My task was to prove that the limit in the title exists and to calculate it. First I showed that the sequence is monotonically decreasing $\left(\frac{a_{n+1}}{a_{n}} = \frac{n+1}{\frac{2}{7} + n + 1} < 1\right)$ and it's obvious that $a_{n} > 0$ for all $n$. Therefore, by the Monotone Convergence theorem $(a_n)_{n \geq 1}$ must converge.
My first idea was to use the relation I obtained earlier between $a_{n+1}$ and$a_{n}$: $a_{n+1} = \frac{n+1}{\frac{2}{7} + n + 1} \cdot a_{n}$ and passing the limit on both sides, but I arrive at the trivial equality that $\lim_{n \to \infty} a_{n+1} = \lim_{n \to \infty} a_{n}$.
My second idea was to rationalize the denominator to see if a more familiar expression will arise, here is what I arrived at:$$a_{n} = \frac{7^n \cdot n!}{(2+7 \cdot 1)(2 + 7 \cdot 2)...(2 + 7 \cdot n)}$$ which didn't help.

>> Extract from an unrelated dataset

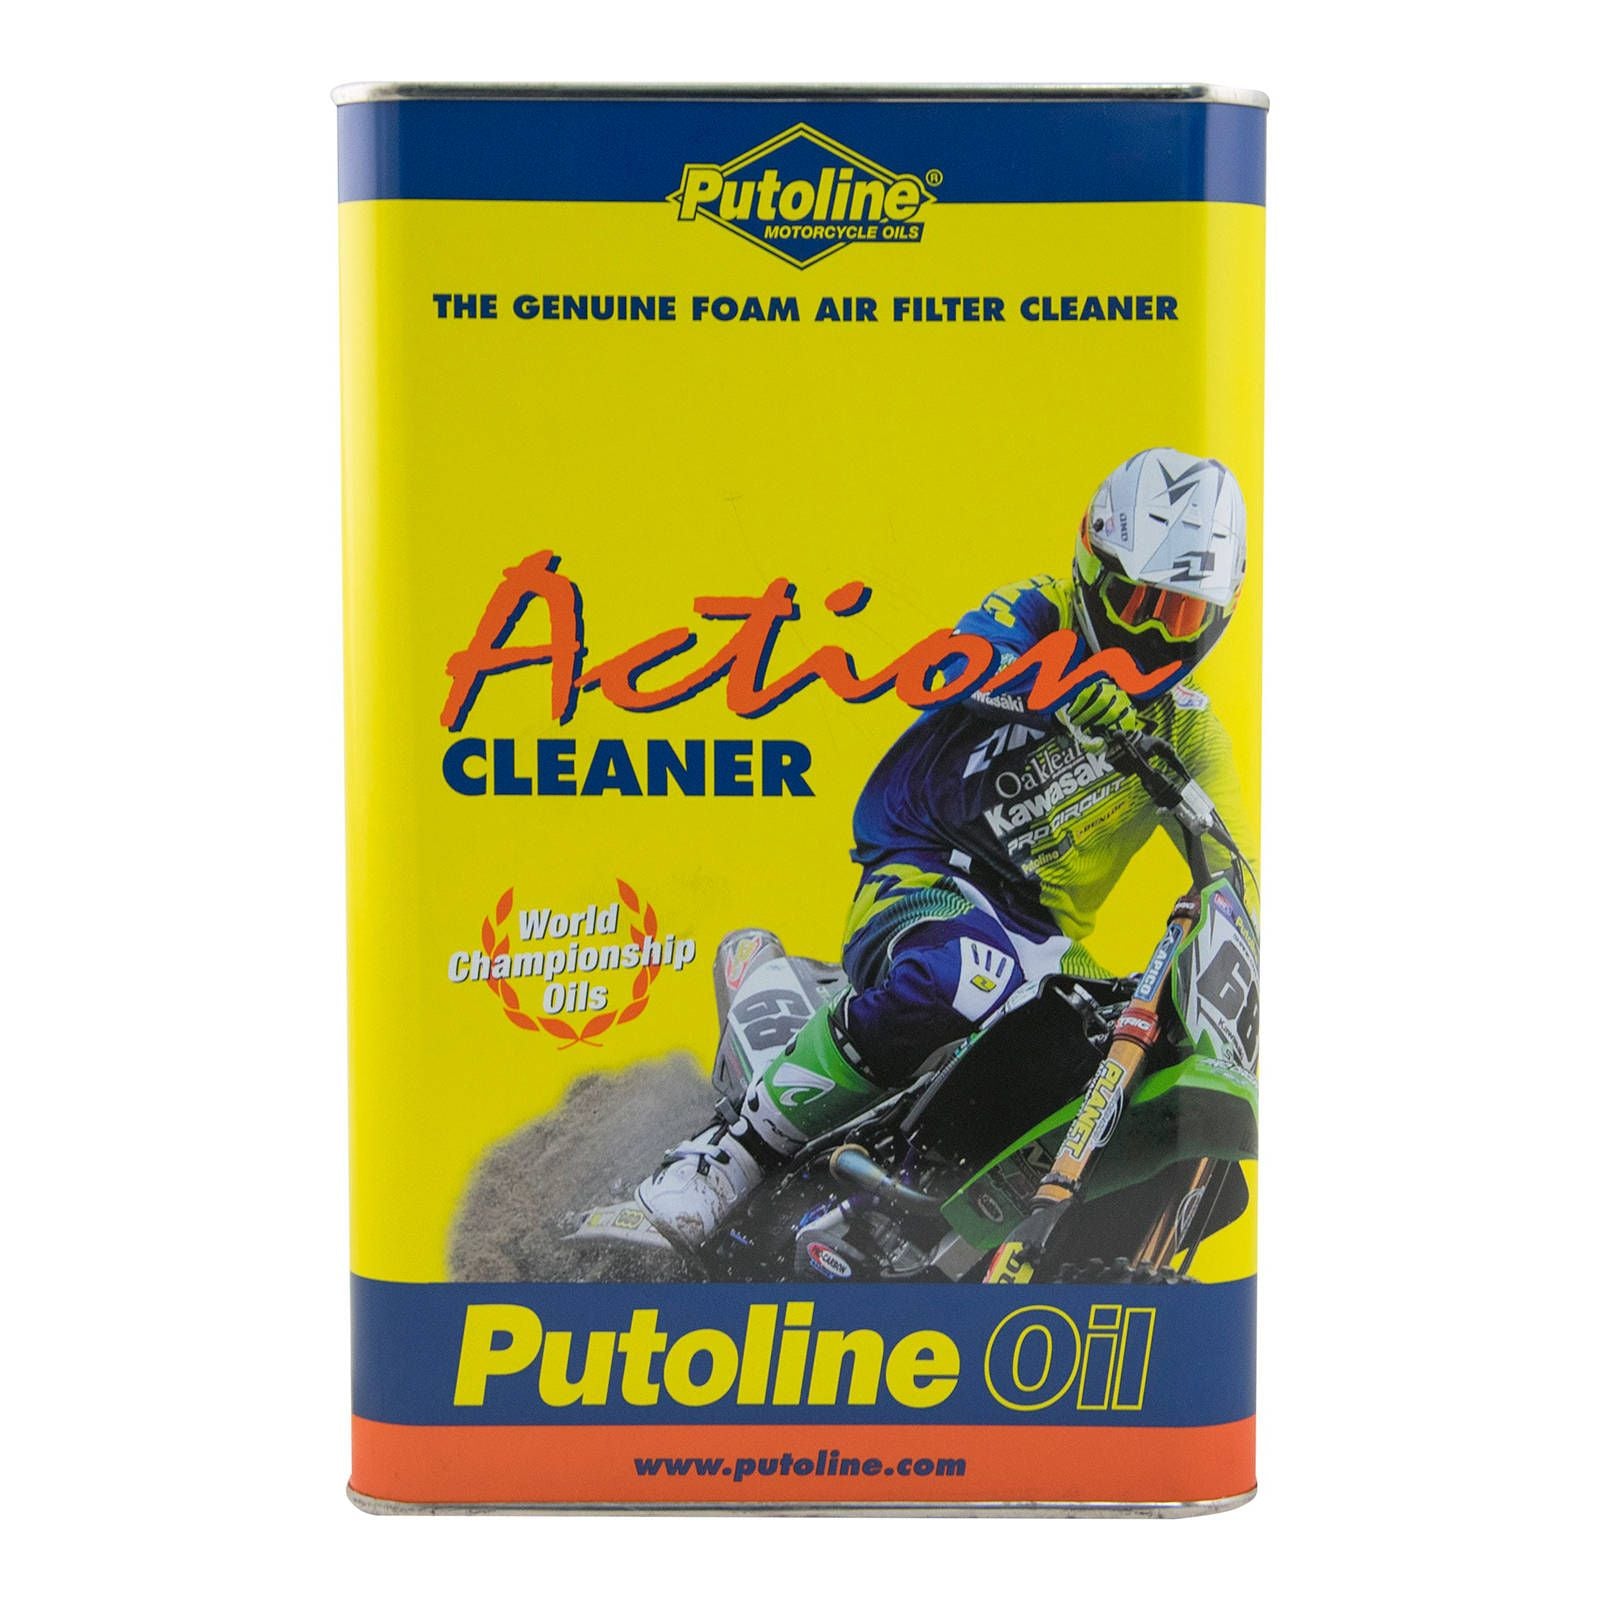 New PUTOLINE Action Air Filter Cleaner (2L) #PTAAFC2L

If it is of any help, the first exercise was to study the convergence of: $$\sum_{n=1}^{\infty} \frac{n!}{(2x+1)...(2x+n)} \text{ for } x \in (0, +\infty)$$ I determined that it converges when $x \in \left(\frac{1}{2}, \infty\right)$ by Raabe-Duhammel and diverges otherwise.